Finn often comes across situations that tempt him to enjoy himself to the extreme, and he has slowly learned that his lack of self-regulation can do harm to others as well as himself. In “All the Little People,” Finn is given, unknowingly from Magic Man, a bag full of miniature versions of many people of Ooo, including himself. He enjoys playing with them so much that he spends sixteen weeks straight obsessed with them, developing a messed-up web of relationships between each of them and watching it go from bad to chaotic. In the end, Finn realizes how much evil he has done to their lives and attempts to apologize to them. And in “Dungeon Train,” Finn fights on a train that runs endlessly, with new enemies to fight and cool items to collect. Finn loves the train so much that he decides not to leave, but as soon as he knows Jake will stay on board with him forever out of worry and care for him, he begins to feel sorry for his canine(ish) pal and changes his mind. Just as Žižek’s argues, it’s guilt that urges Finn to see the need for self-regulation.
As Adventure Time is not going to end any time soon, Finn still has a long time to grow up, physically and mentally. And there’ll be many more situations where his self-discipline will be tested and given the chance to improve. If Finn continues to keep in mind how important it is to always keep himself in control, he’s sure to become a messianic hero for the whole land of Ooo, and whether Glob or God still exists will no longer be of any importance.
An Adventure Time of Our Own in a Globless World
There’s a good reason behind choosing a human to be the hero of a show that takes place in a fantasy world teeming with peculiar creatures—because we, human audiences, can easily identify with him. And although Adventure Time, being a remarkable piece of art, is apt to be interpreted in many ways, I propose to view the series as a retelling of our real life, of how we can survive in the world where God’s existence is still in question.
Just like Finn, each of us encounters adventures in different levels on a daily basis. There are no fire-breathing dragons for us to slay or hidden treasures for us to find, but there are bosses whose fiery rage will burn us alive if we make mistakes in our jobs, and a hefty bonus at the end of the year if we perform outstandingly. We know how our prayers to God often go unheard as much as Ice King’s pleas for Glob to give him a princess bride. And most of the time, we realize that good things can happen because of our self-discipline and sympathy towards others, not because of a miracle. In the end, it’s always Finn, not Glob, who saves the day.

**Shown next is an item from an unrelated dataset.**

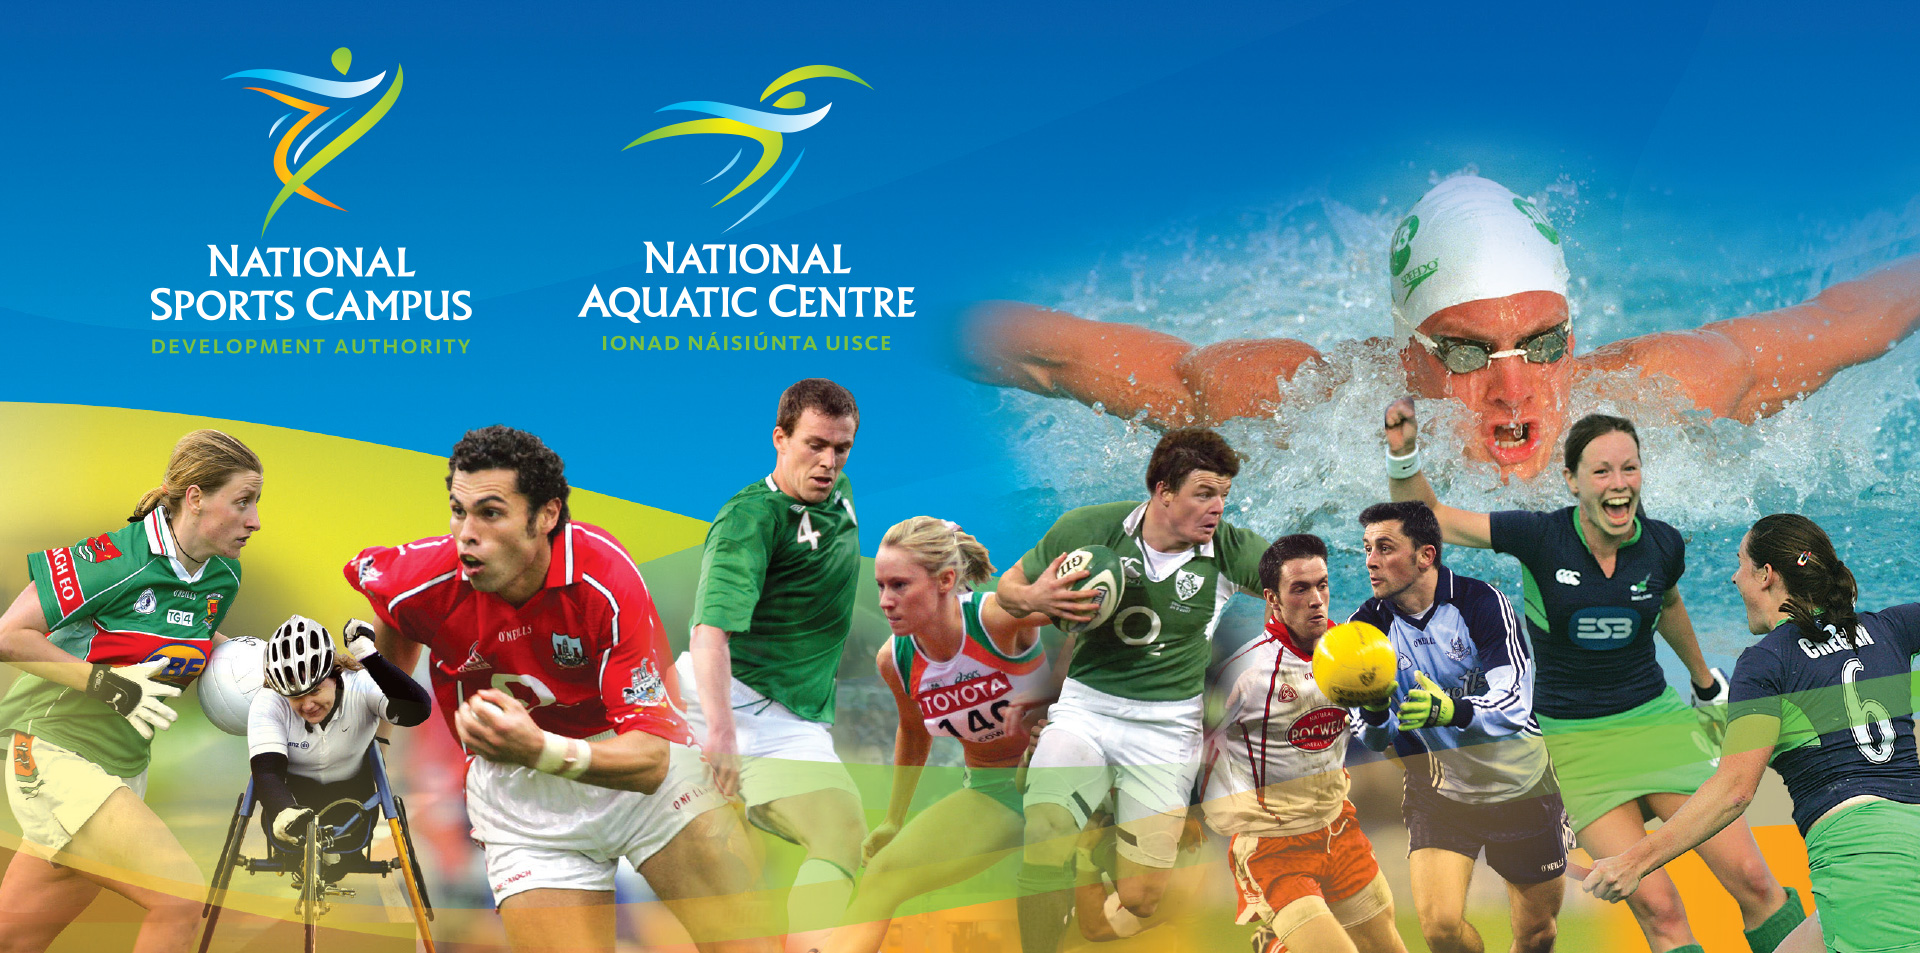 Nation Sports Campus National Aquatic Centre

Okay, so maybe Glob is the four-faced Martian God-brother of Magic Man and doesn’t seem all that much like the bearded old man we often talk about. But even so, the important issue is not whether or not God and Glob exist; it’s how humans continue to sympathize with each other and be good to each other, regardless of any higher spiritual power. That’s how mankind could hope to improve as a whole.
After all, the death of God could lead to the birth of a true Hero.